PyFunctional Versions Save

Python library for creating data pipelines with chain functional programming

v1.4.3

3 years ago

v1.0.0

7 years ago

Reaching 1.0 primarily means that API stability has been reached so I don't expect to run into many new breaking changes. The library is also relatively feature complete at this point almost two years after the first commit (February 5, 2015).

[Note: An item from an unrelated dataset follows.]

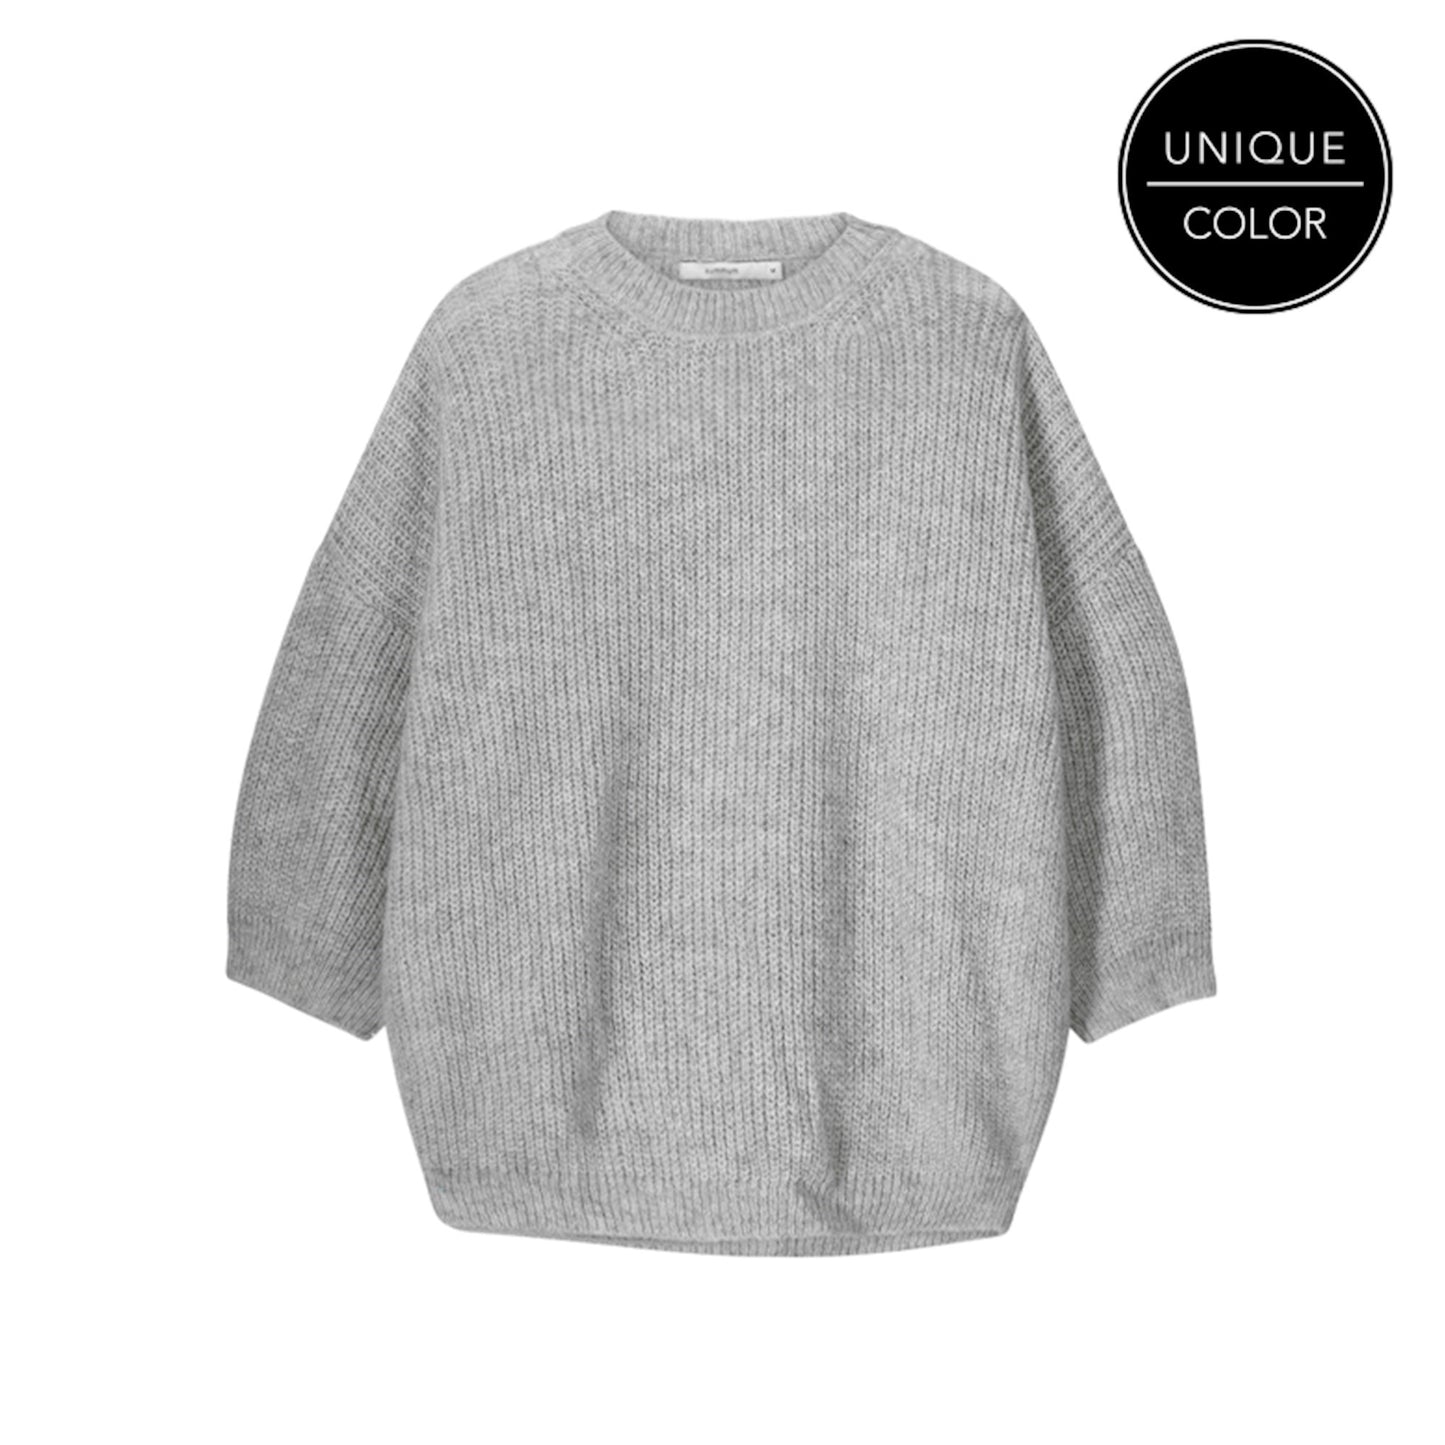 Summum | sweater melange mohair blend knit Fog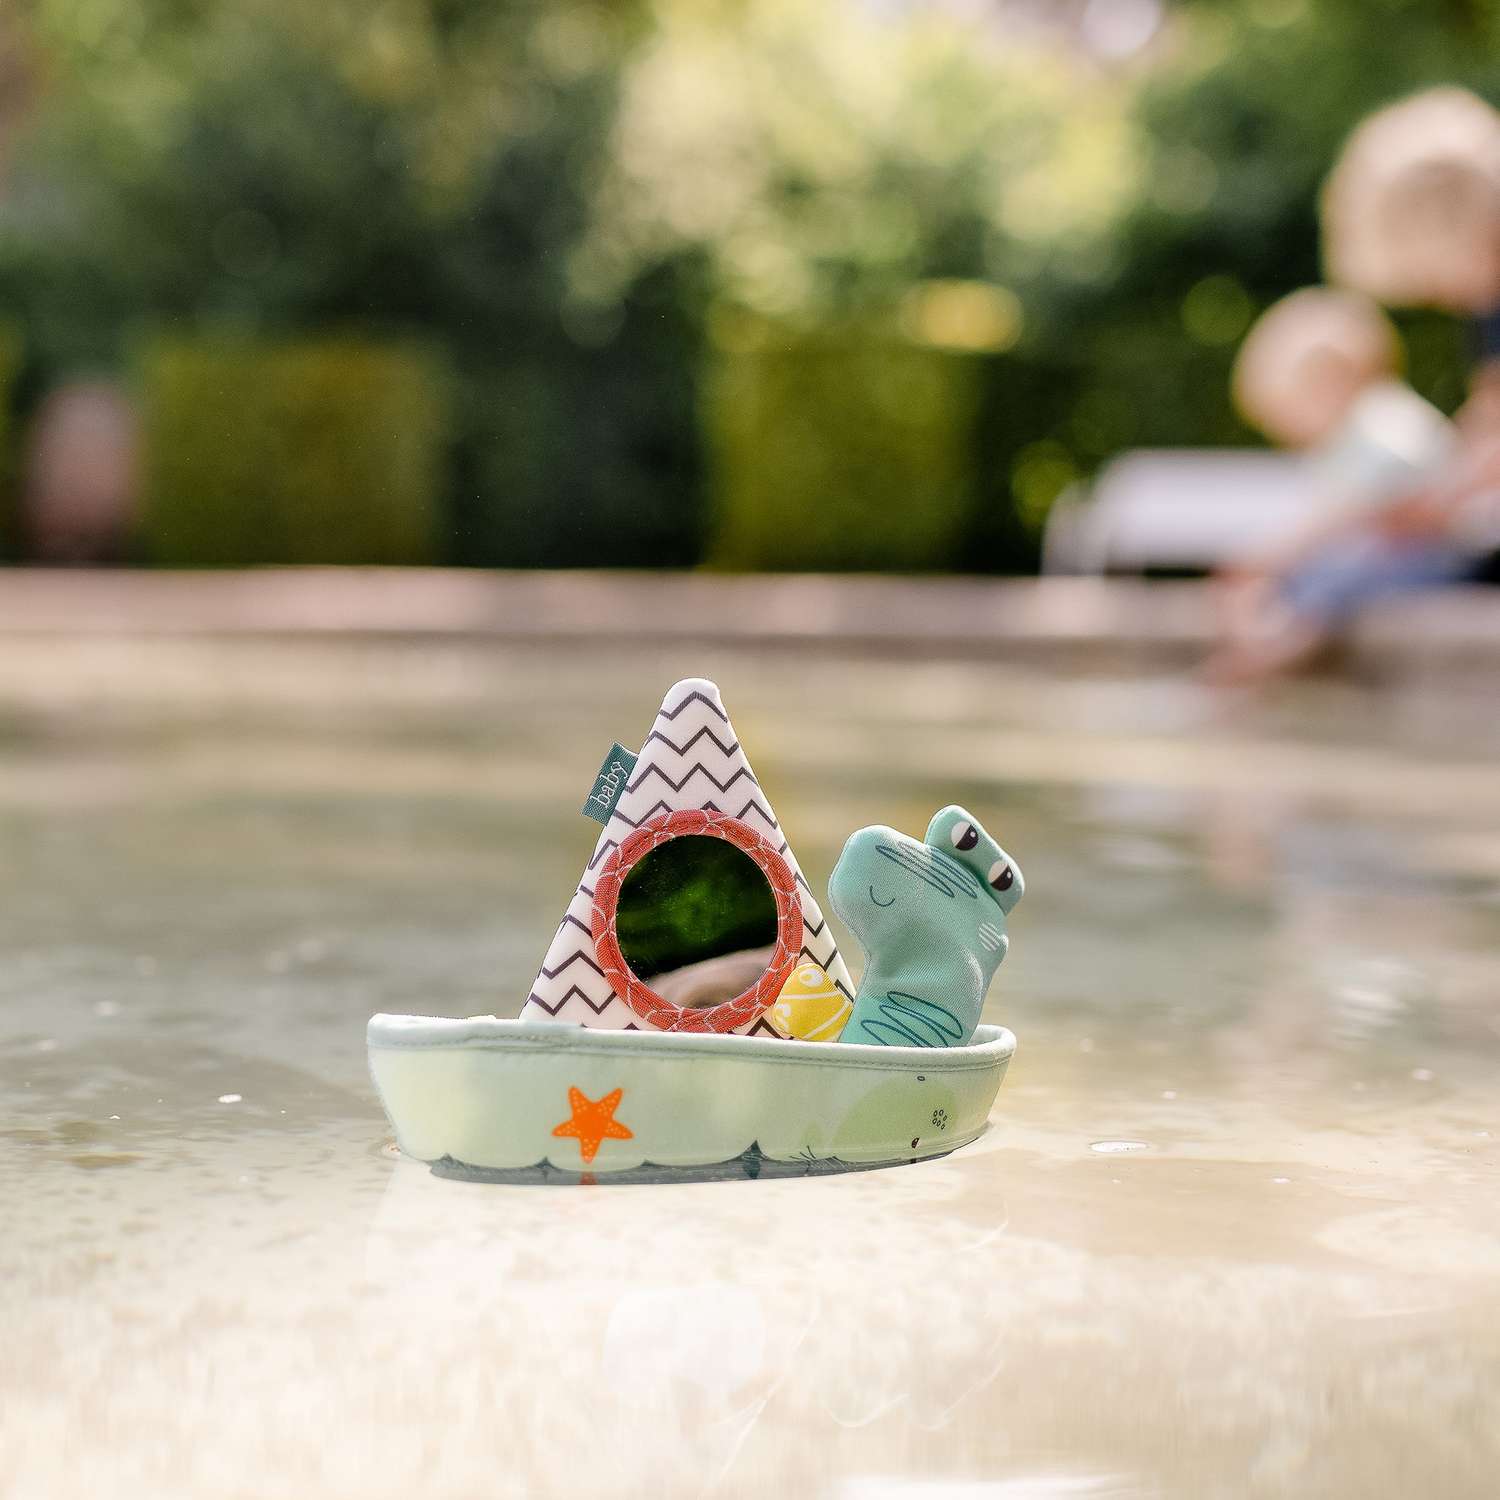 Игрушка для ванны FEHN Лодка и пальчиковая игрушка Крокодил - фото 10

This release includes several new minor features and usability improvements in jupyter notebook environments

New Features

Added optional initial value for reduce (https://github.com/EntilZha/PyFunctional/issues/86)
Added table of contents to readme (https://github.com/EntilZha/PyFunctional/issues/88)
Added data interchange tutorial with pandas (https://github.com/EntilZha/PyFunctional/blob/master/examples/PyFunctional-pandas-tutorial.ipynb)
Implemented itertools.starmap as Sequence.starmap and Sequence.smap (https://github.com/EntilZha/PyFunctional/issues/90)
Added interface to csv.DictReader via seq.csv_dict_reader (https://github.com/EntilZha/PyFunctional/issues/92)
Improved _html_repr_, show and tabulate by auto detecting named tuples as column names (https://github.com/EntilZha/PyFunctional/issues/91)
Improved _html_repr_ and show to tell the user 10 of N rows are being shown if there are more than 10 rows (https://github.com/EntilZha/PyFunctional/issues/94)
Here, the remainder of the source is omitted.